Con E poi saremo salvi Alessandra Carati dà vita a un mondo di esuli così vero e toccante da essere destinato a rimanere a lungo impresso nella mente de lettore.
Pagine dense, che si insinuano sotto pelle e accendono in noi schegge di memoria.
Per farci riflettere sugli orrori di una guerra devastante, consumata alle porte di casa nostra e troppo presto dimenticata e sulla continua ricerca dell'identità con cui ogni esule è costretto a fare i conti per sopravvivere alla propria vita.
Un romanzo capace di inghiottire: Alessandra Carati racconta E poi saremo salvi

A sei anni, all’improvviso, Aida deve scappare dalla guerra; in una notte perde l’unico mondo che abbia mai conosciuto. Con lei ci sono i genitori e il residuo di famiglia che è riuscito ad attraversare il confine.
Il nuovo Paese è per tutti una risacca sentimentale, meno impetuosa della fuga ma non meno disperata.
Ciò che è sparito, cancellato da bombe e deportazioni, diventa di colpo reale: l’origine perduta, l’unica heimat possibile.
La condizione di esule si abbatte sull’intera famiglia. Il padre è consumato dalla rabbia, la madre da una tristezza fatale, lo zio dal vino, il fratellino appena nato da una frenesia incontrollabile.
Aida capisce presto che per sopravvivere deve trovare un rifugio. Il suo bisogno si salda con quello di Emilia, una volontaria buona e accogliente, e divoratrice. Emilia è una seconda casa, come l’Europa. Ma nessuna storia d’amore è profonda e duratura quanto quella dell’infanzia. Mentre vede sua madre sgretolarsi, Aida lotta contro il feroce desiderio di lei, giovane e misteriosa, fisicamente vicina e al tempo stesso inaccessibile. Fino a un bivio, o guarire o morire.

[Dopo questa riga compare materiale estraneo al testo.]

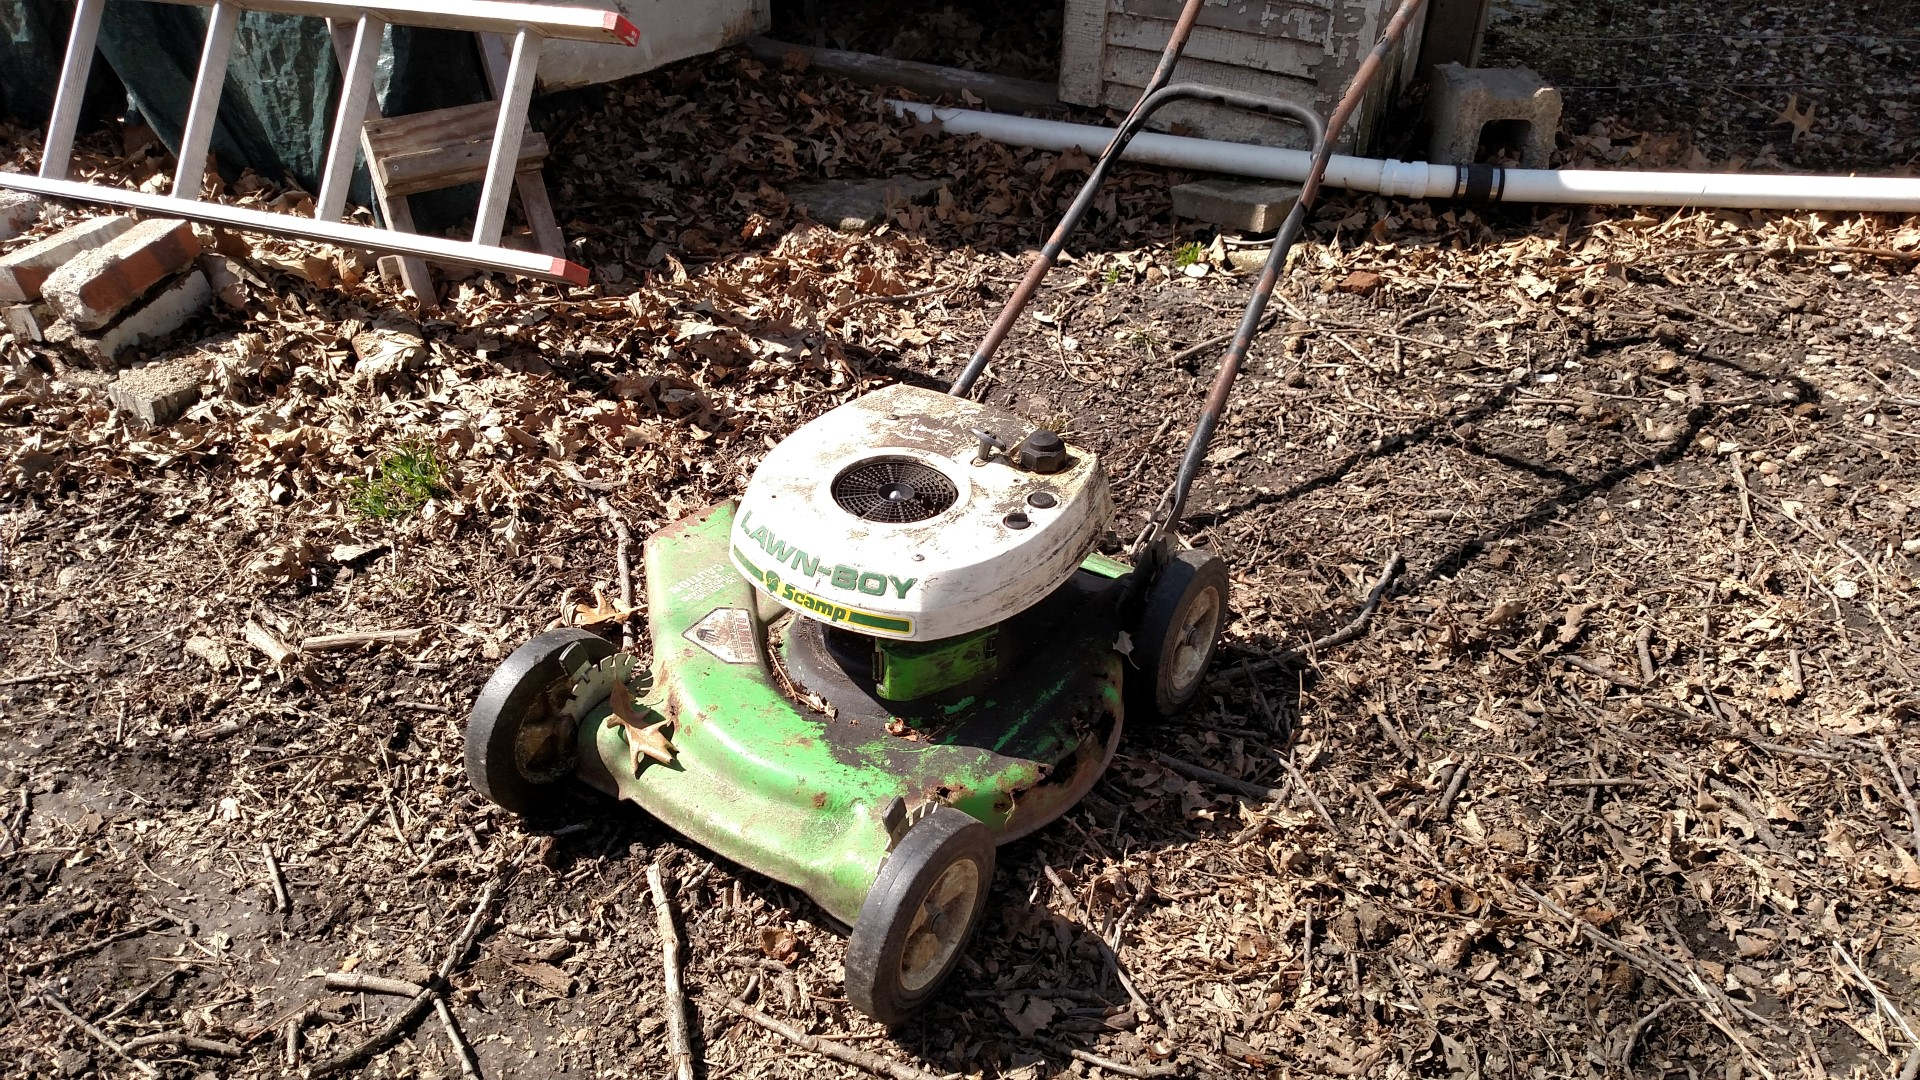 lawn boy scamp mytractorforumcom the friendliest tractor forum

E poi saremo salvi è epopea, saga familiare, storia di formazione.
La narrazione si muove per quadri, che corrispondono alle progressive età di Aida, momenti in cui la vita scarta con violenza e la lascia a terra, tramortita; nel passaggio dall’uno all’altro ci sono ellissi, vuoti, dove si annidano cose cruciali, che esplodono nel non detto.
I quadri procedono a passo serrato, sono zeppi di fatti. Li ho ammassati per non dare respiro, perché mi premeva che il lettore fosse incalzato a proseguire e potesse abbandonarsi a un racconto quasi classico nella sua forma; mi premeva che potesse entrare in contatto con la pelle della storia e che ci restasse attaccato.

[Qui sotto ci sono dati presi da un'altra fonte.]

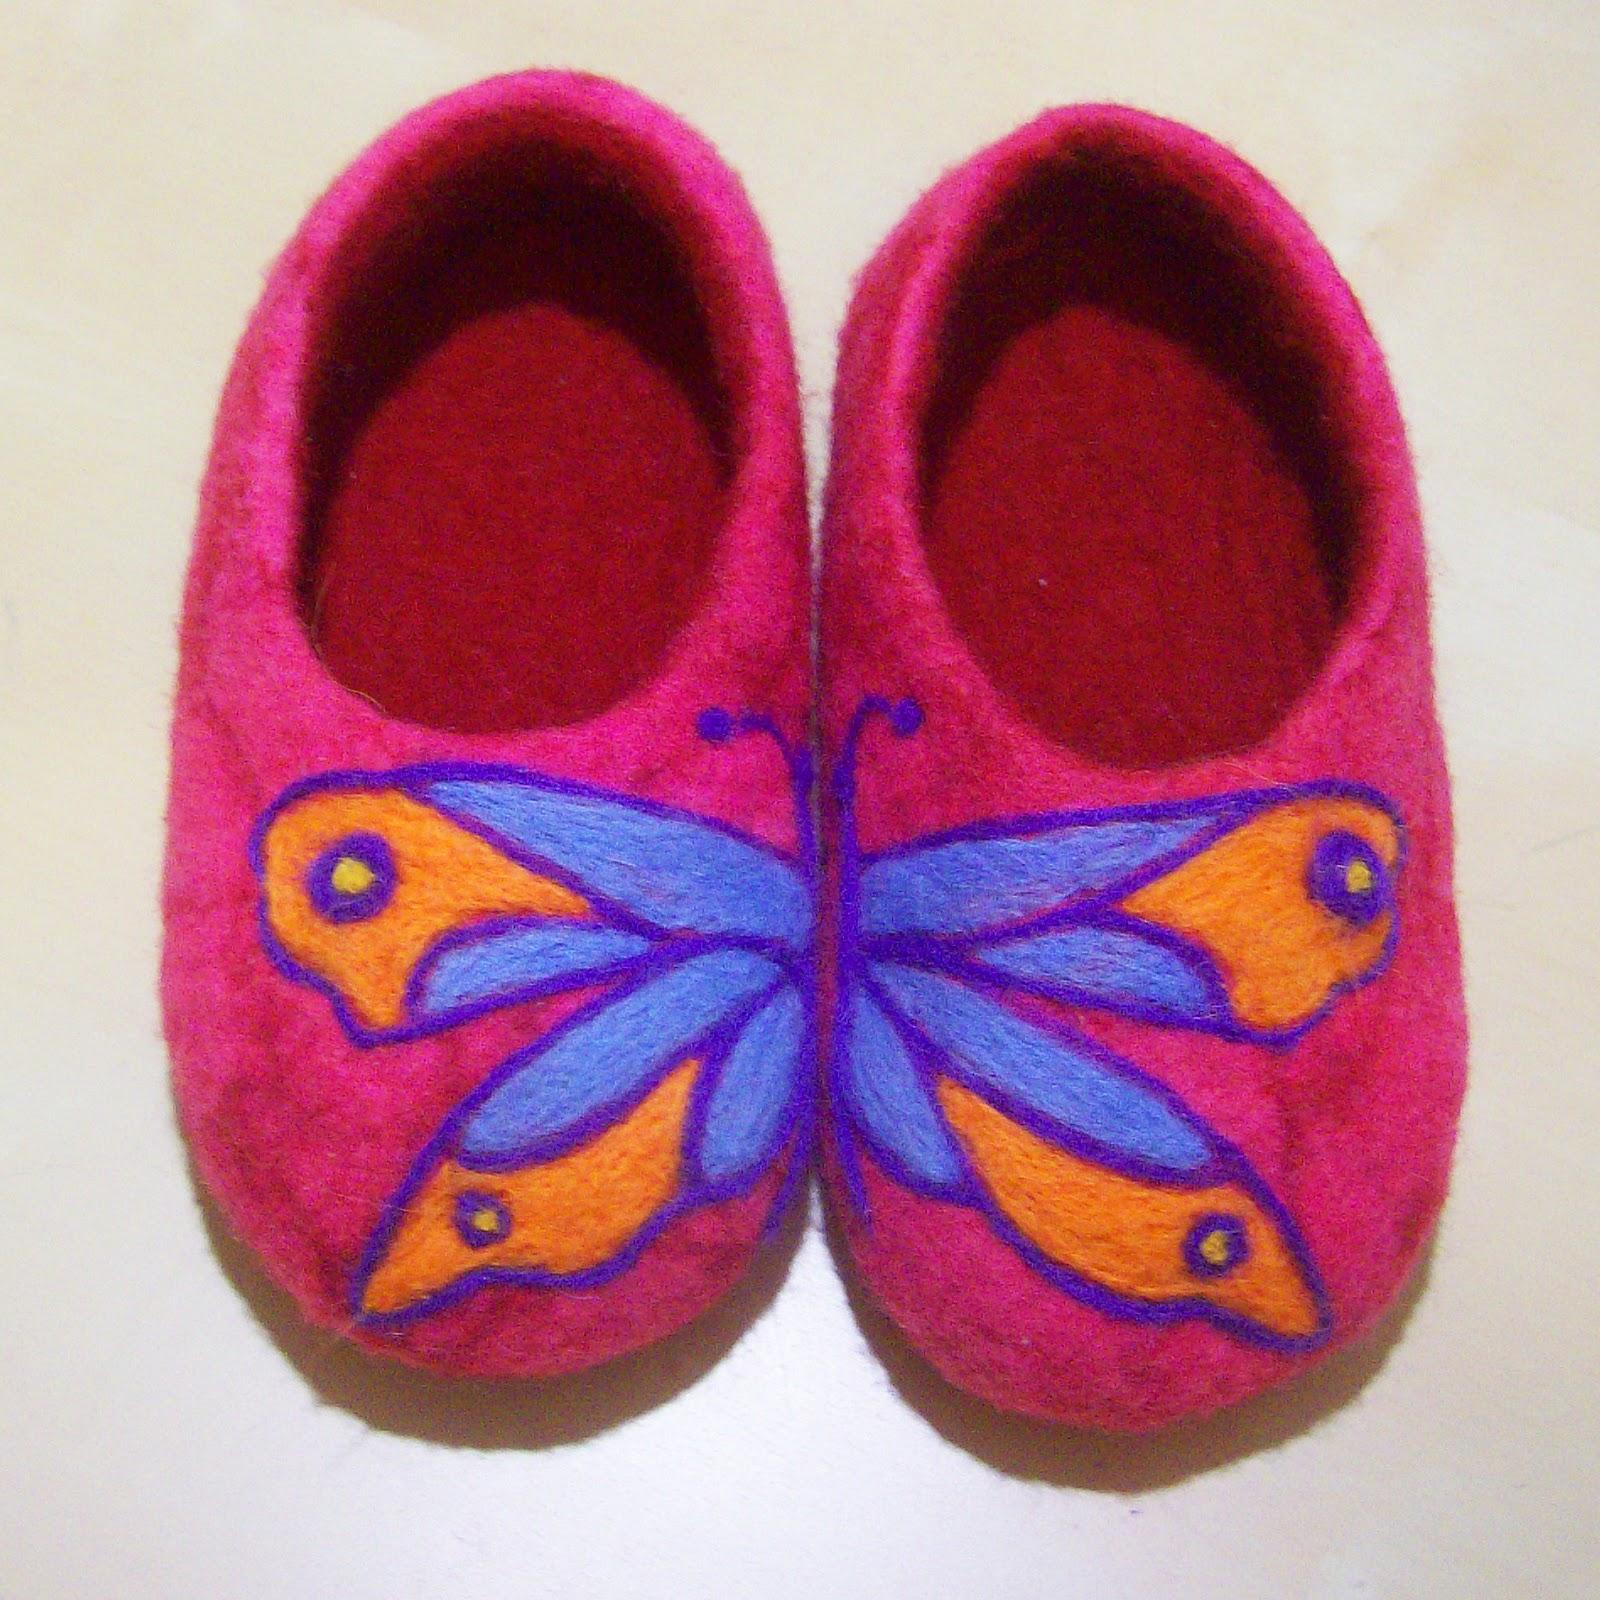 мокрое валяние по МК, тапочки - бабочки

Serviva sprofondare in un mondo organico, servivano azioni e situazioni attraverso cui rivelare i personaggi, e poi giù fino al battito dei corpi.
Li ho cercati lungo la Drina, ho pranzato con famiglie di sopravvissuti, mi sono affacciata alle finestre delle loro case, sono andata a visitarne i morti.

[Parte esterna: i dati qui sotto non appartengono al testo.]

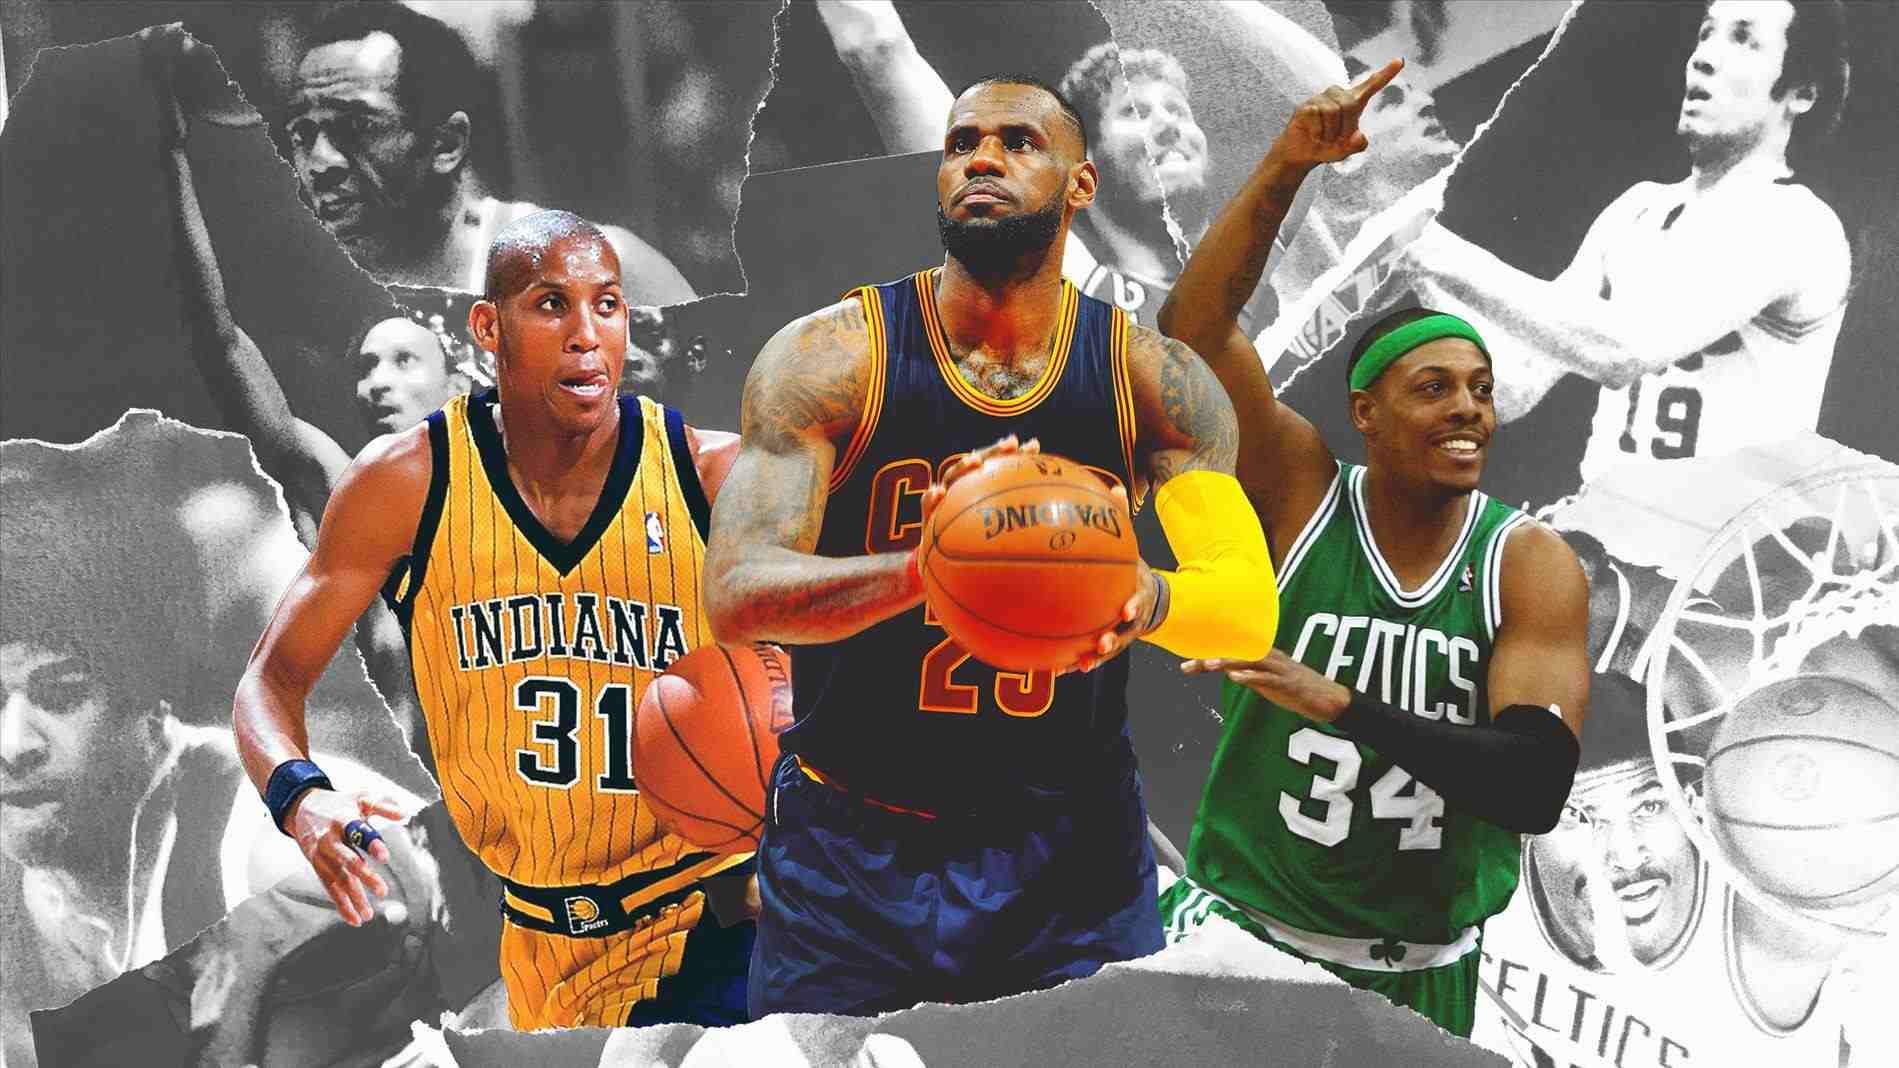 Nba Legends Wallpaper: Top Free NBA Legends Backgrounds

Dall’incontro è nata una lingua piana, trasparente, quasi invisibile. Ho tagliato la bella scrittura, ho tagliato di più. Volevo un romanzo che fosse capace di inghiottire. Se fossi riuscita a creare qualcosa di potente e vitale, forse mi sarebbe stato concesso di accedere a una comprensione più intensa della loro esperienza, e di un passato recente che da noi si è presto eclissato.